I woke up to that feeling. I felt unhinged before I even opened my eyes. I muttered prayers on the way to church:
may it lift? may it lift? But it didn't. And I was in no shape to meet God part way and keep myself in check.
The sermon rolled over me. Such a hauntingly sad message about the precious children of the church family and the damage that can be done through neglect and lack of love.
I became lost inside myself.
Where's the love? Jesus urges, rebukes, commands that we kneel down and peer into each pair of bright eyes and LOOK. SEE. TOUCH. He gives us a picture of himself with children nestled into his arms, but do we put ourselves in his place? Such an act is borne out of some scrap of interest, let alone deep love. But who cares enough? Who sees past the naughtiness? Or the family name? Or the manners? Who looks past it all to see a child? Just a child.
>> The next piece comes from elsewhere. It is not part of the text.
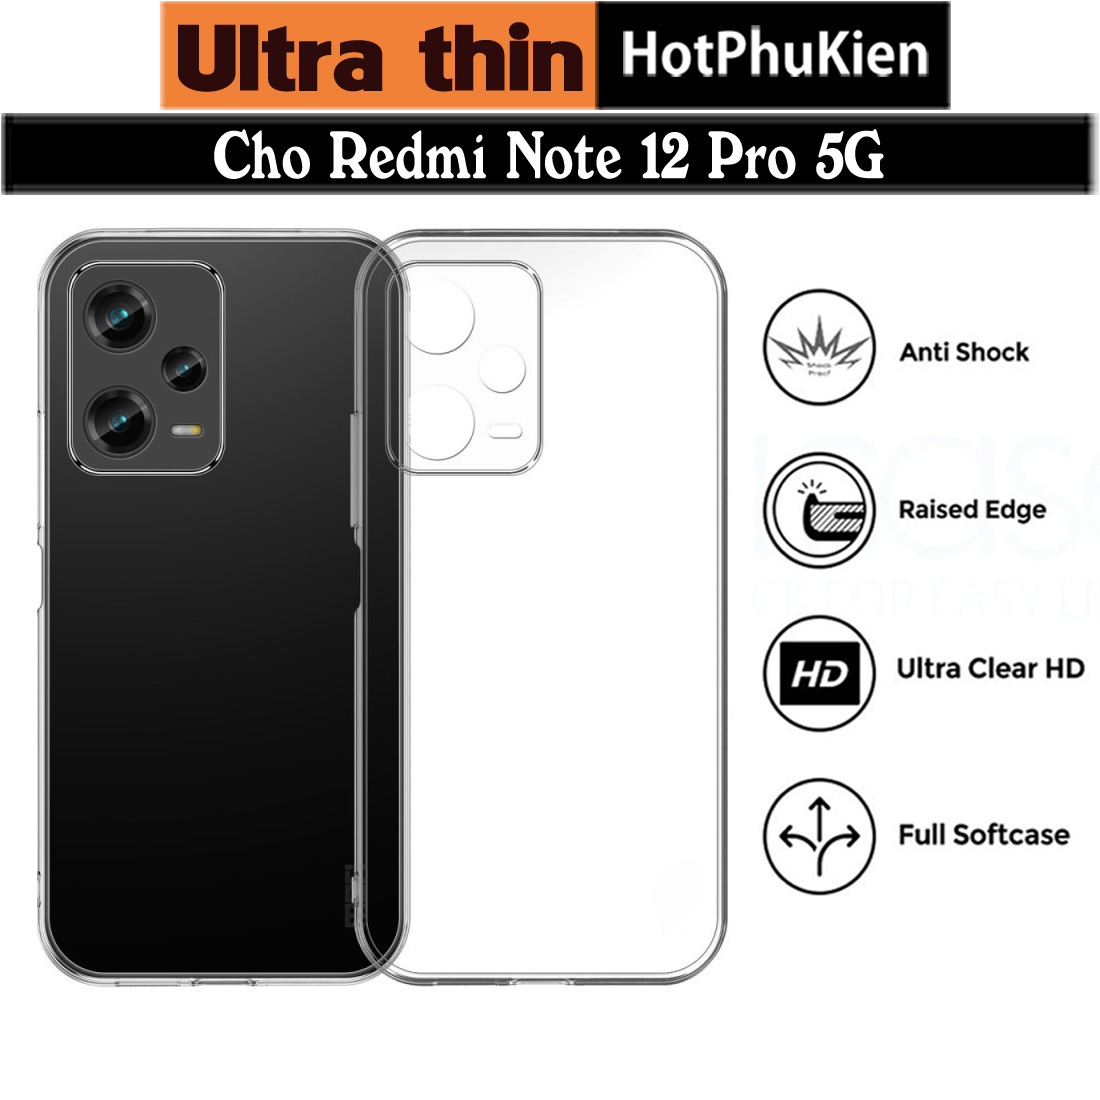 Ốp lưng silicon dẻo cho Redmi Note 12 Pro 5G hiệu Ultra Thin trong suốt mỏng 0.6mm độ trong tuyệt đối chống trầy xước - Hàng nhập khẩu

Without being able to sift through the finer points of my anger, I knew angry was what I was. So angry that even a child, who hasn't learned guile or even true unkindness, remains beneath the love of some. What hope is there then for me to earn the love of those who haven't yet given it? I will never ever reach such an elevated state of sanctification that I can again attain the pure, inoffensive, beguiling lovability of a child. I can't fight for this love! I can't win it!
***
Now, on this side of yesterday, I can see that I woke up lost in ME. And stayed lost in ME. The anger has dissipated, and it's place is fresh resolve to love where it may never be returned.